Выбрать главу

- Хватит ныть, Боб! – сказала она, отойдя от него на два шага.

- Нет, не хватит, Натаниэль!

- Не пытайся вызвать во мне жалость, Боб! Я не тот человек, с которым тебе удастся это сделать. Ты никогда не был в моей шкуре. Ты никогда не вынесешь эту боль, что у меня внутри. Я всю жизнь чувствовал себя никому не нужным, брошенным на произвол судьбы. Я уже 7 лет живу под маской Евы Адамс. И знаешь что? Я ни разу никому не пожаловалась за эти 7 лет.

- Почему ты не можешь быть собой? Натаниэлем?

- Ты же сам сказал, что я мертв для всех.

- Но ты был бы жив, если бы ты был собой!

- Зачем? Какой смысл быть мне Натаниэлем? Его никто никогда не любил!

- А я? А Софи? А Синди?

- Брось, Боб! Ты называешь это любовью?

- А что тогда?

- Я не хочу говорить об этом!

Ева снова села на свой пуфик и прикрыла лоб ладонью, будто пытаясь выдержать все напряжение. Она сама не могла разобраться во всем потоке тех мыслей, что были сейчас в ней и около нее. Кто говорит сейчас в ней?

Боб вовсе был в замешательстве. Его голова была готова взорваться от столь немыслимых открытий за последние 10 минут его жизни. Ему невероятно хотелось обнять Натаниэля после всего произошедшего. Жаль, что теперь он вовсе не был похож на того 13-ти летнего парня, которого он помнил. Ева Адамс не подпускала к себе Боба ни на шаг.

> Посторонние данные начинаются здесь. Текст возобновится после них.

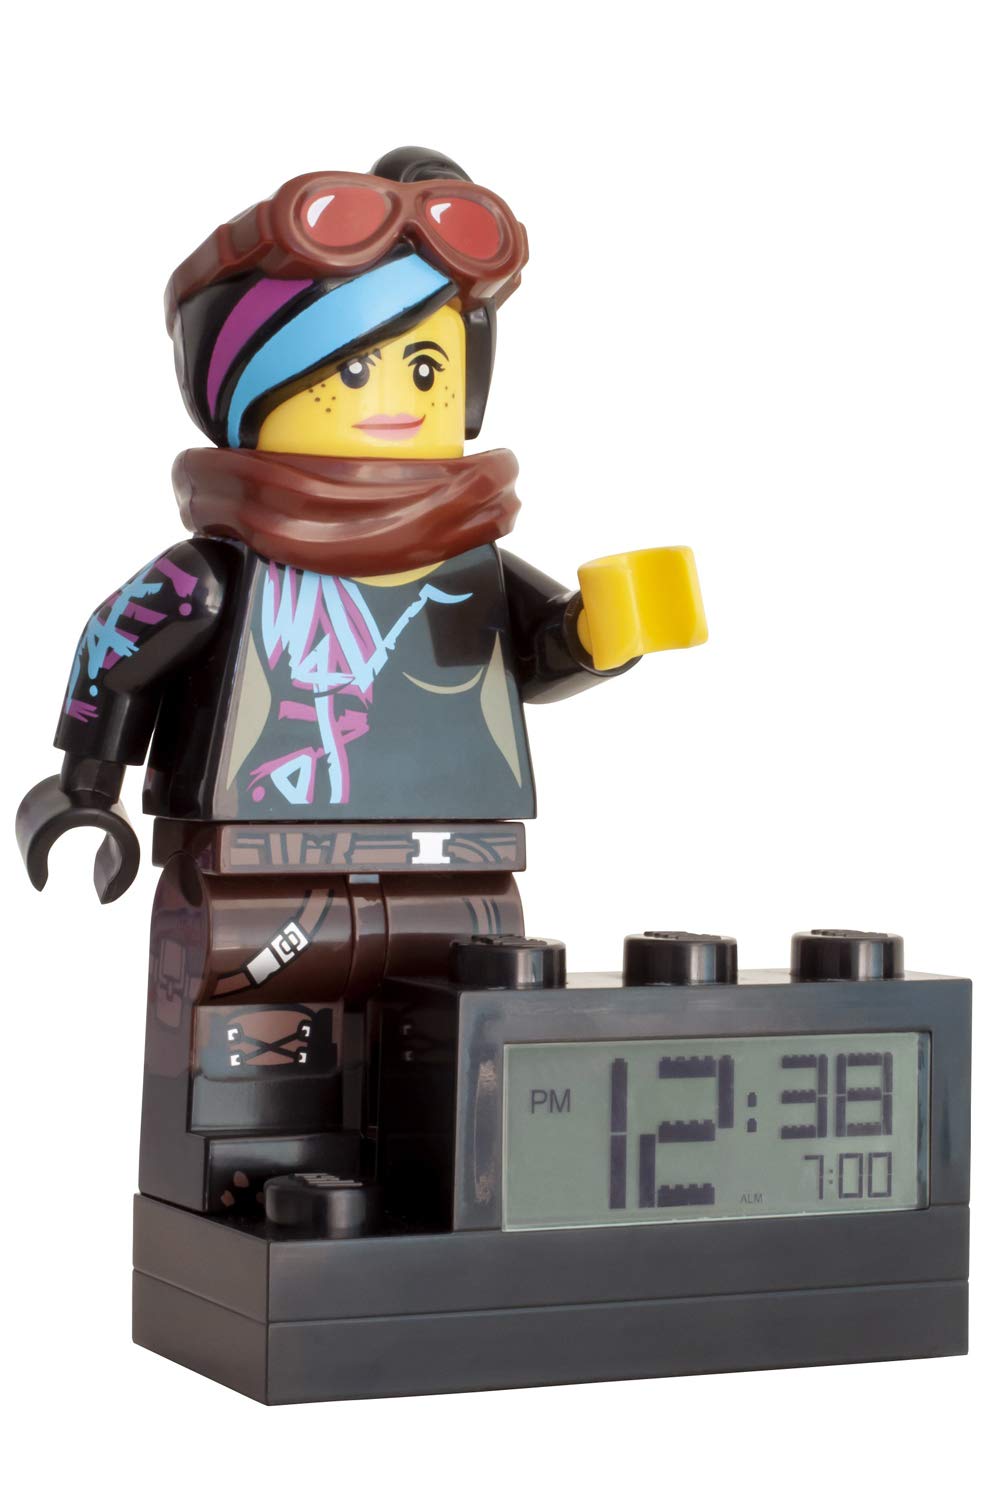 Lego 9003974 Movie 2 Wyldstyle, Digital Lcd Display With Backlight, Alarm A

Единственное, что до сих пор говорило Бобу о том, что перед ним Натаниэль, так это его черные бездонные глаза, огромные как космос. Больше ни у кого не было таких глаз. Задумчивых и инфантильных одновременно.

- Она любила тебя, Натаниэль! – пытаясь заглянуть в эти глаза, молвил Боб.

- Что? – подняла голову Ева.

- Синди любила тебя. И пусть все говорят, что угодно. Я лучше знаю. Я был с ней рядом и всегда все знал.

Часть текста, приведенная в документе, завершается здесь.